I've employed RTL viewer from Xilinx ISE 11.4 to check out the
synthesis results and I've discovered that there is a problem
inferring a block-RAM.

I only read the block-RAM (ROM). When reading, a block-RAM should
latch-in the address in the active clock edge and, after Tco, the data
should be output at DO. Synchronously speaking, reading the block-RAM
should imply one clock period delay.
When inferring the block-RAM in 'one-process' style, XST automatically
and always add a register for the address input and a register for the
data output (independently of the VHDL code you have).
This fact implies that functional simulation does not meet post-
synthesis one and adds an aditional clock period delay when reading
the block-RAM.

Does any body has have a similar problem?

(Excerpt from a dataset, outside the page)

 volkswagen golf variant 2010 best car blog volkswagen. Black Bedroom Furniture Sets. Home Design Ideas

Any solution?
Unfortunally I think I'll have to recode my module in the old style :-
(

Regards,
César
 
K

KJ

Hello:

I've been always coding VHDL in 'data-flow' way. For my last module, I
tried to code it in 'one-process' style. Functional simulation was ok,
but post-synthesis simulation has different results.

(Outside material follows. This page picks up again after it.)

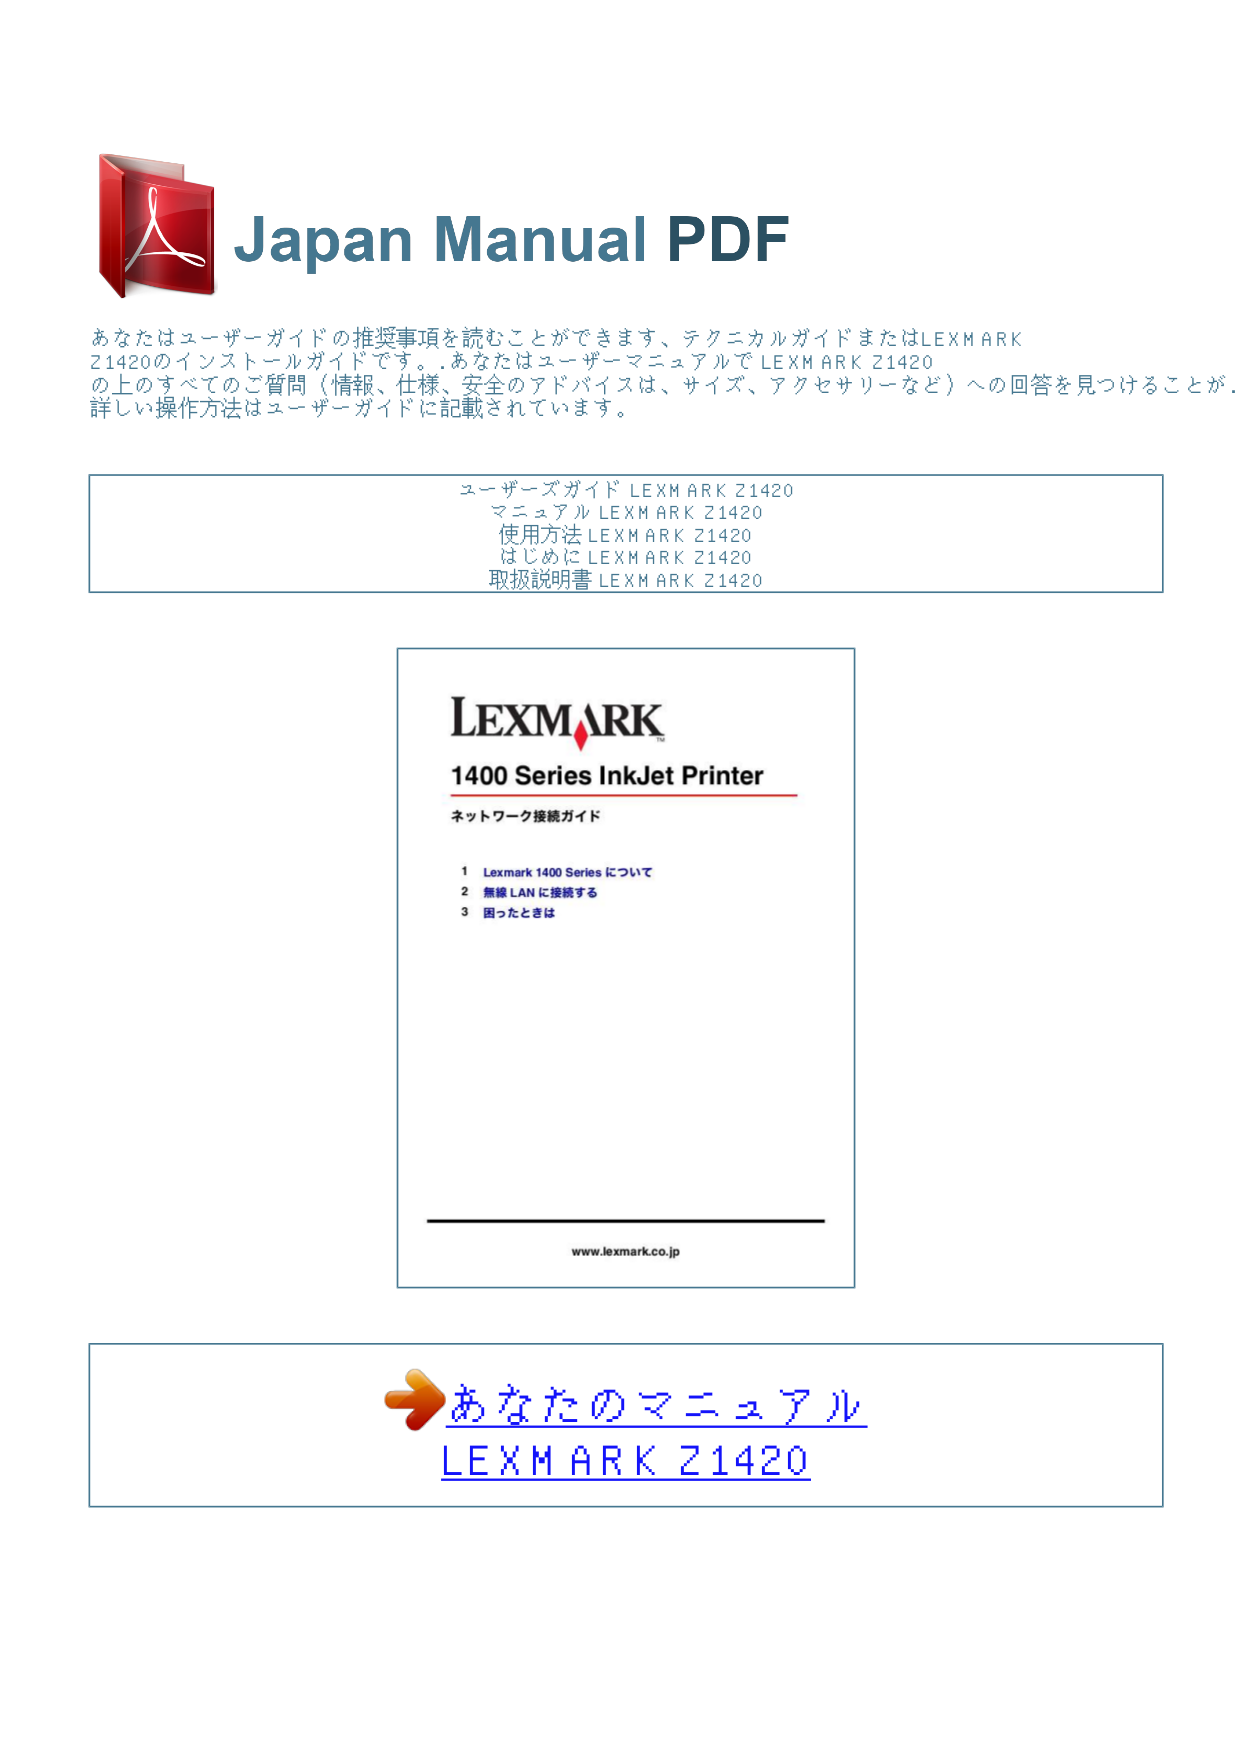 pdf for Lexmark Printer Z1420 manual

And is the post-synthesis sim result that an output pin (or pins)
happen exactly one clock cycle late as you later suggest? Are the
setup and hold times to all of the input pins of the device in the
simulation meeting the requirements that pop out of the timing
report? A testbench such as the following likely will cause a timing
problem and therefore a sim mismatch

process(Clock)
begin
wait until rising_edge(Clock);
...
Some_Input <= '1';
...
end if;

Instead the signal assignment should be
Some_Input <= '1' after 5 ns; -- As an example
I use XST and
Modelsim and my device is a Spartan-3.
I've employed RTL viewer from Xilinx ISE 11.4 to check out the
synthesis results and I've discovered that there is a problem
inferring a block-RAM.

I only read the block-RAM (ROM). When reading, a block-RAM should
latch-in the address in the active clock edge and, after Tco, the data
should be output at DO. Synchronously speaking, reading the block-RAM
should imply one clock period delay.
When inferring the block-RAM in 'one-process' style, XST automatically
and always add a register for the address input and a register for the
data output (independently of the VHDL code you have).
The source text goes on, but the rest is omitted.